The June 14, 1936, issue of The New York Times states that she also performed with the Cincinnati Opera at the Cincinnati Zoo and Botanical Garden with other opera singers such as Rosemarie Brancato, Anna Leskaya, Jean Pengelly, Norma Richter, and others.[29]
Biondo continued to perform until February 1938, but there isn't any mention of her career thereafter.[30] She apparently retired from singing at the professional level around that time.
At the height of her career, Santa Biondo performed at least one radio broadcast. The September 22, 1929, edition of the Atlanta Constitution newspaper announced, "Santa Biondo, soprano with the Metropolitan Opera Company, will be the featured artist with an orchestra under the direction of Josef Pasternack in the broadcast of the Atwater Kent concert on the N.B.C. coast-to-coast system tonight at 7:15 o'clock."[31][32]
In January 1930, she sang at a duet with Beniamino Gigli in an "Artistic Morning" recital at the Plaza Hotel in New York.[33]
On April 29, 1934, she sang in the role of the Angel in the premier performance of Pietro Yon's "Triumph of Saint Patrick" at Carnegie Hall in New York City.[34] Biondo continued to perform in this role at St. Patrick's Cathedral, New York, for Patrick Cardinal Hayes. [35][36][37] In December 1934, she sang for the Italian Ambassador, Augusto Rosso, in Newark, New Jersey, at the Shubert Theater, with other Italian-American performers.[38]

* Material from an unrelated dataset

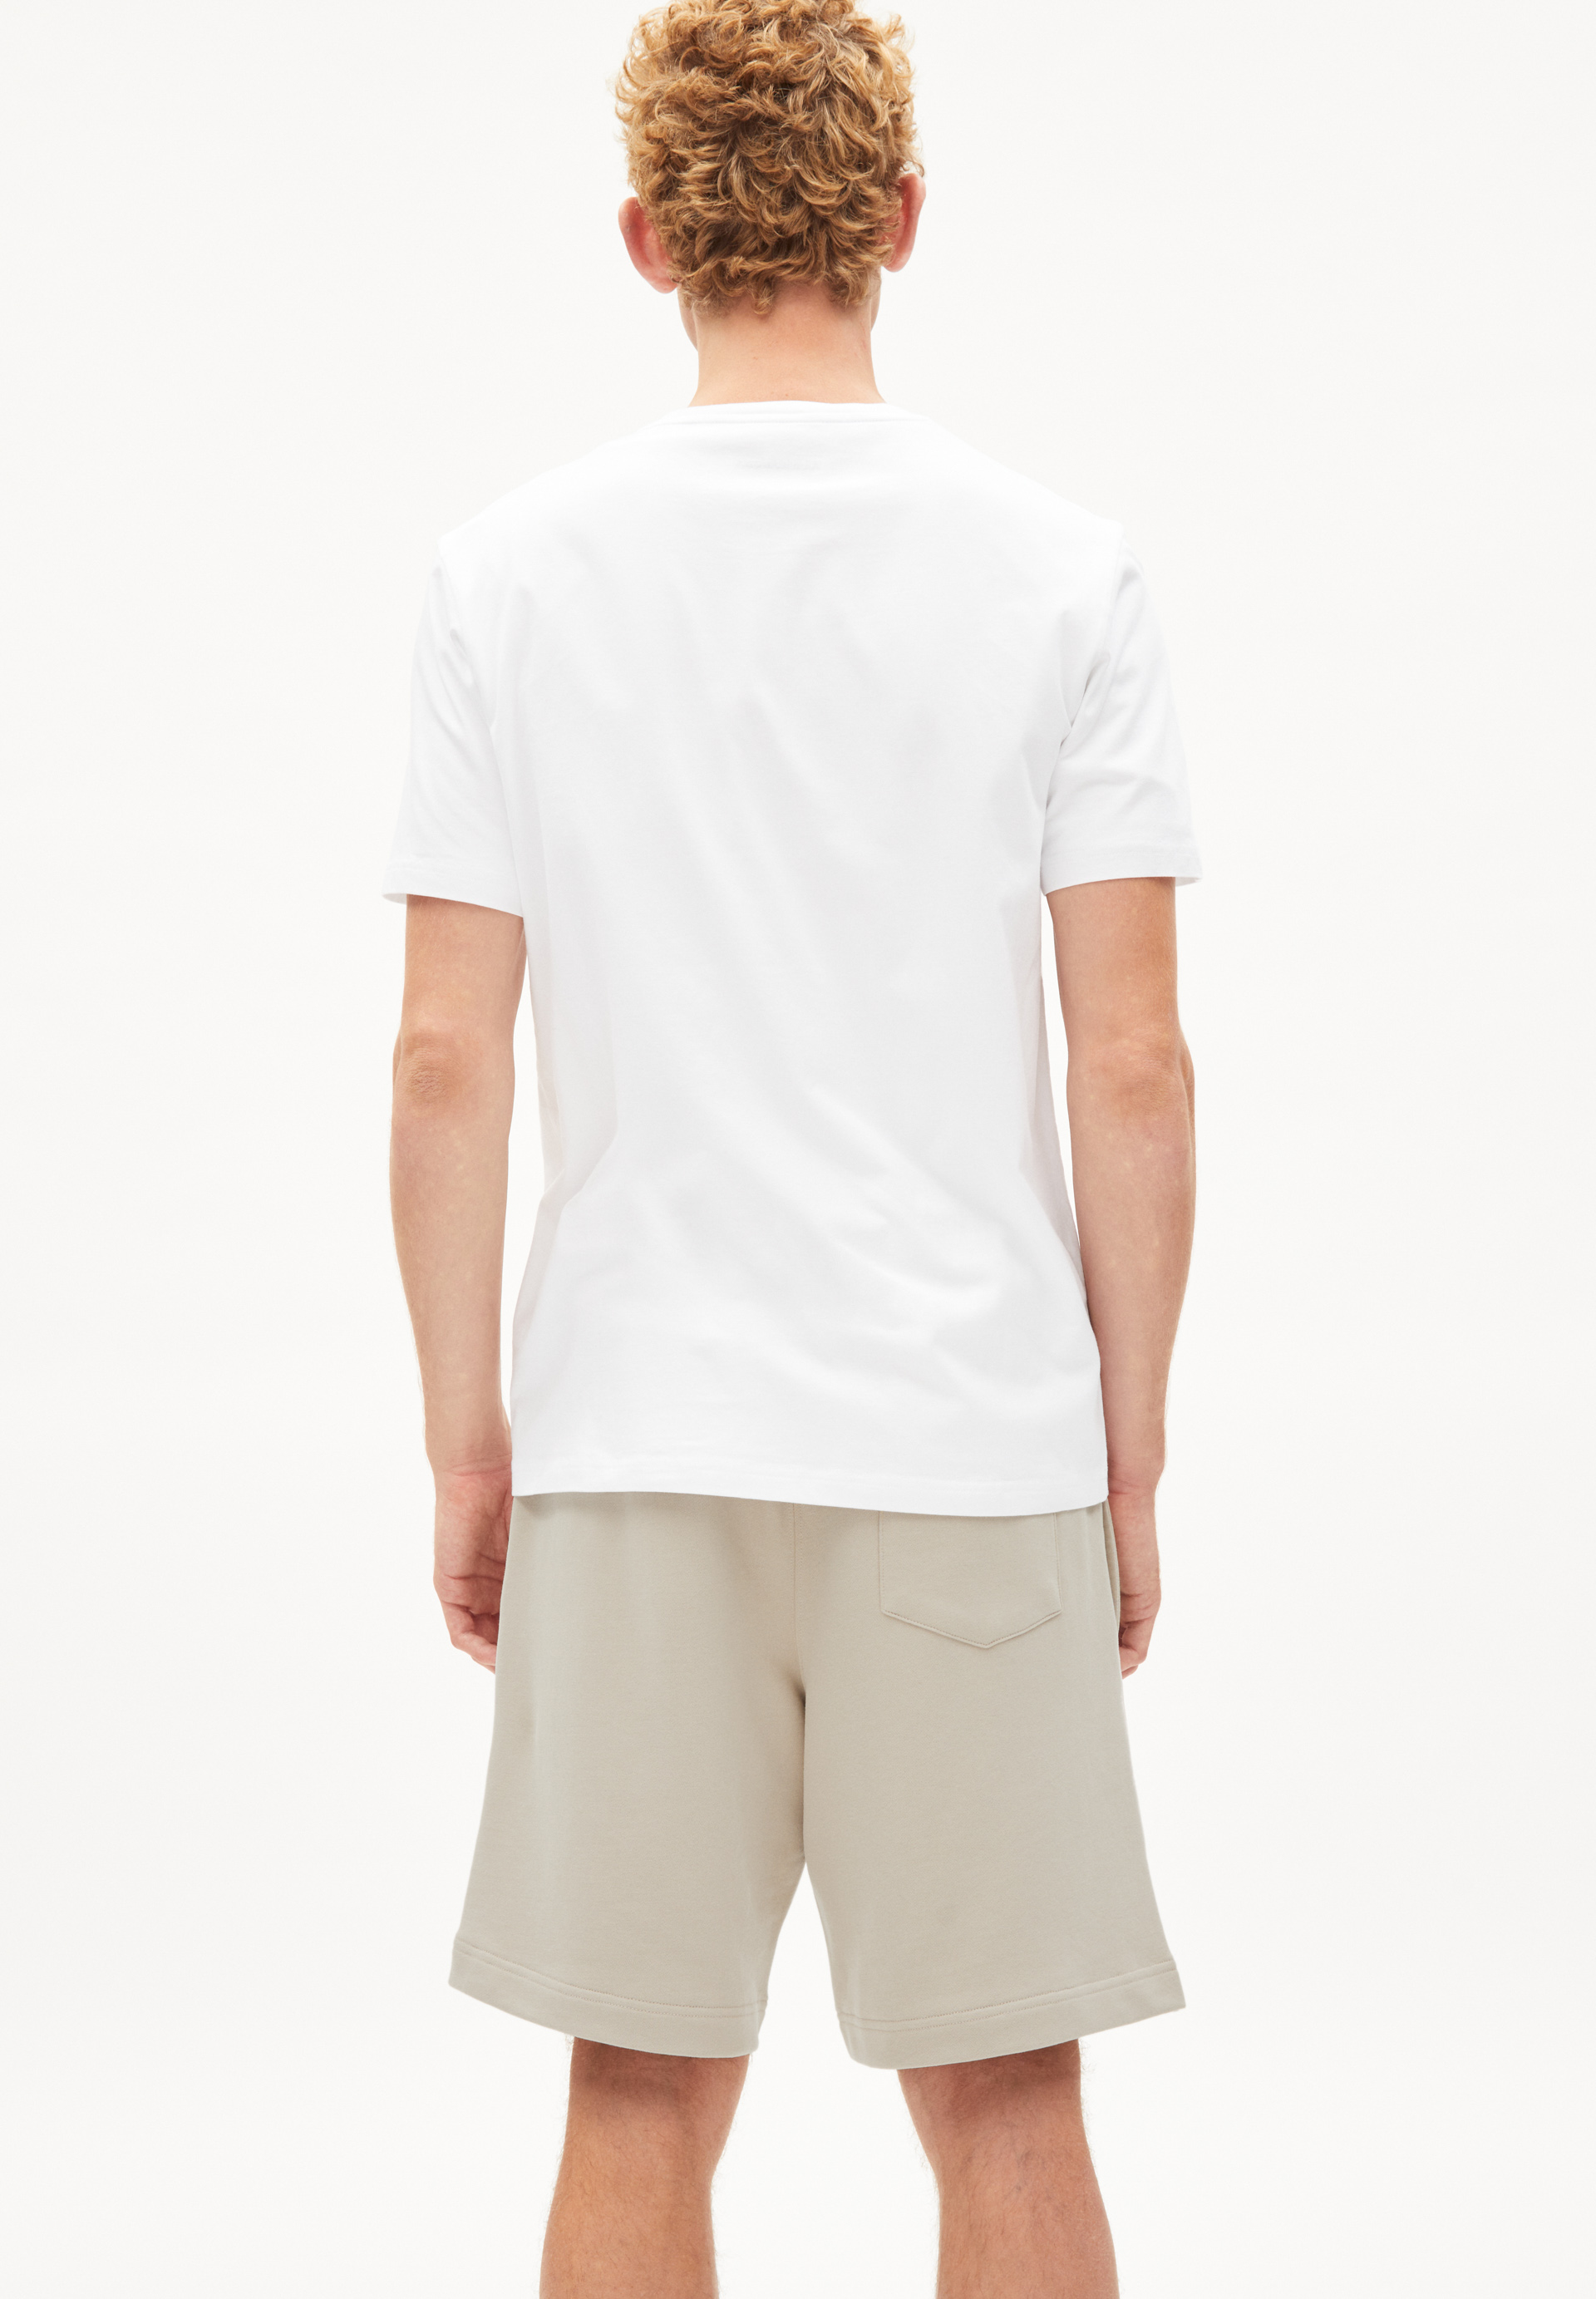 T-Shirt JAAMES BOAT white mit Stickerei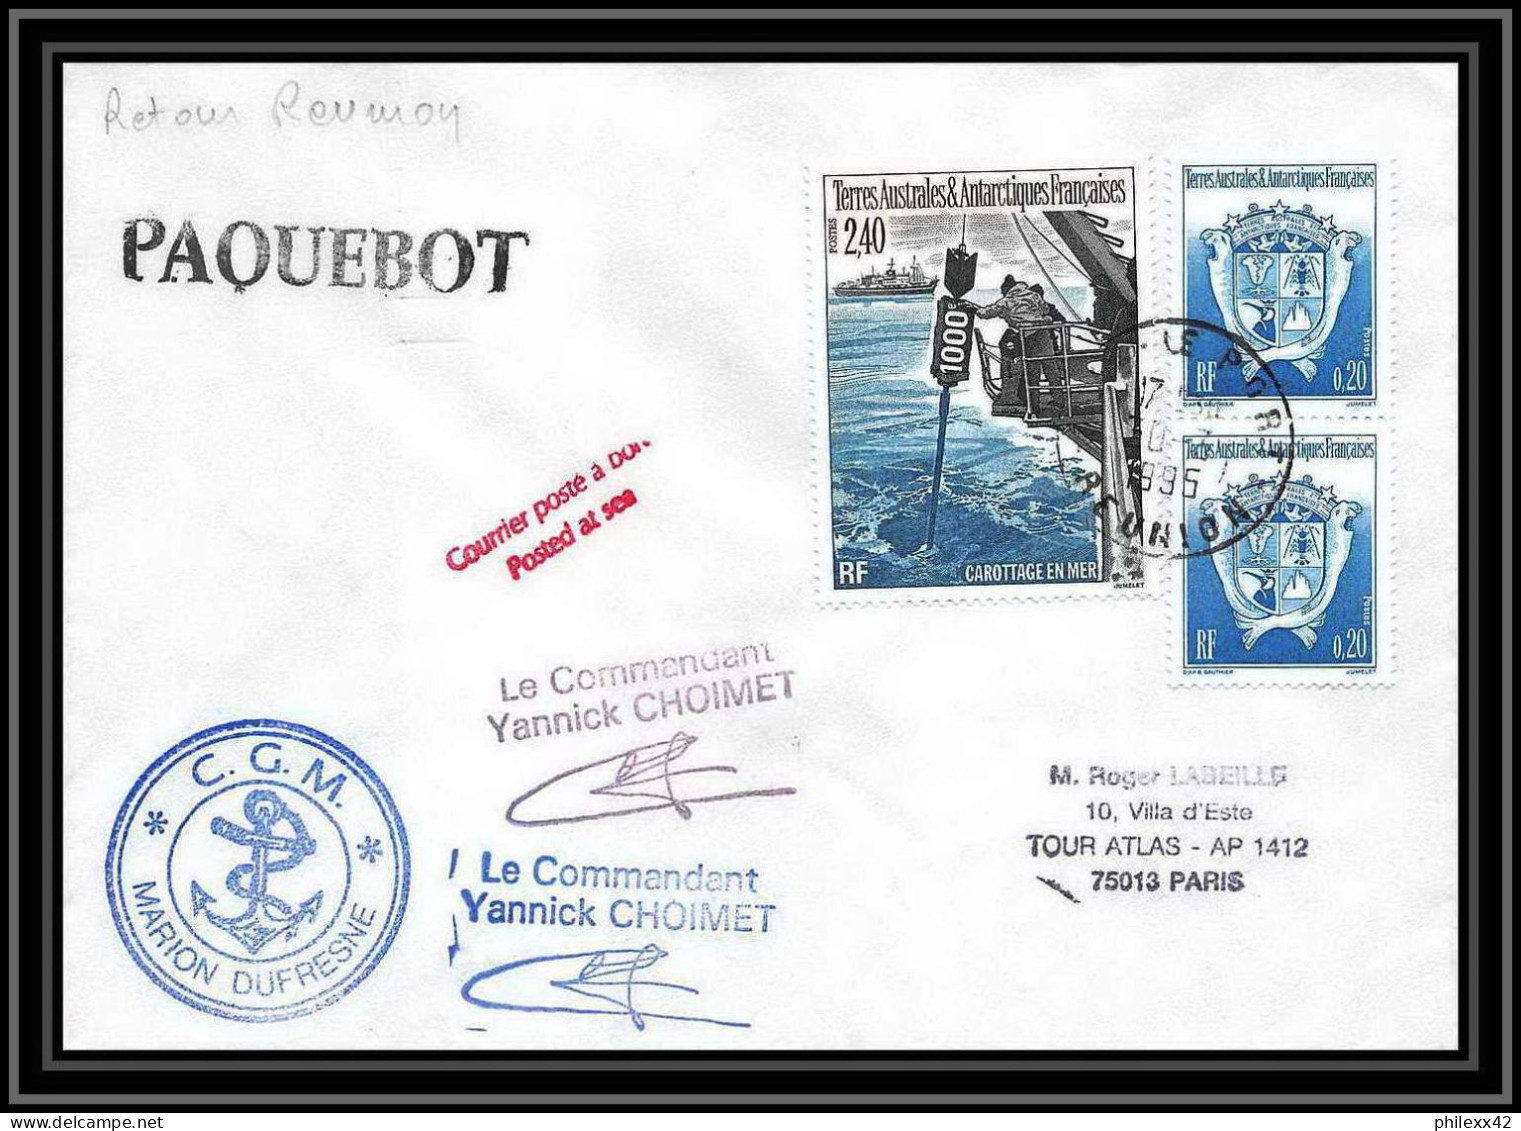 2346 ANTARCTIC Terres Australes TAAF Lettre Cover Dufresne 2 Retour Réunion 30/7/1995 Paquebot Signé Signed Choimet - Antarktis-Expeditionen

After retiring from her career, Santa Biondo married Dr. Philip Giordano, advertising director of Il Progresso Italo-Americano newspaper and editor of Bolletino della Sera.[39][40]
Santa Biondo died on February 15, 1989, in Stamford, Connecticut. She is buried in the Biondo family plot in Saint Lawrence Cemetery located adjacent to the Yale Bowl in New Haven, Connecticut.[39]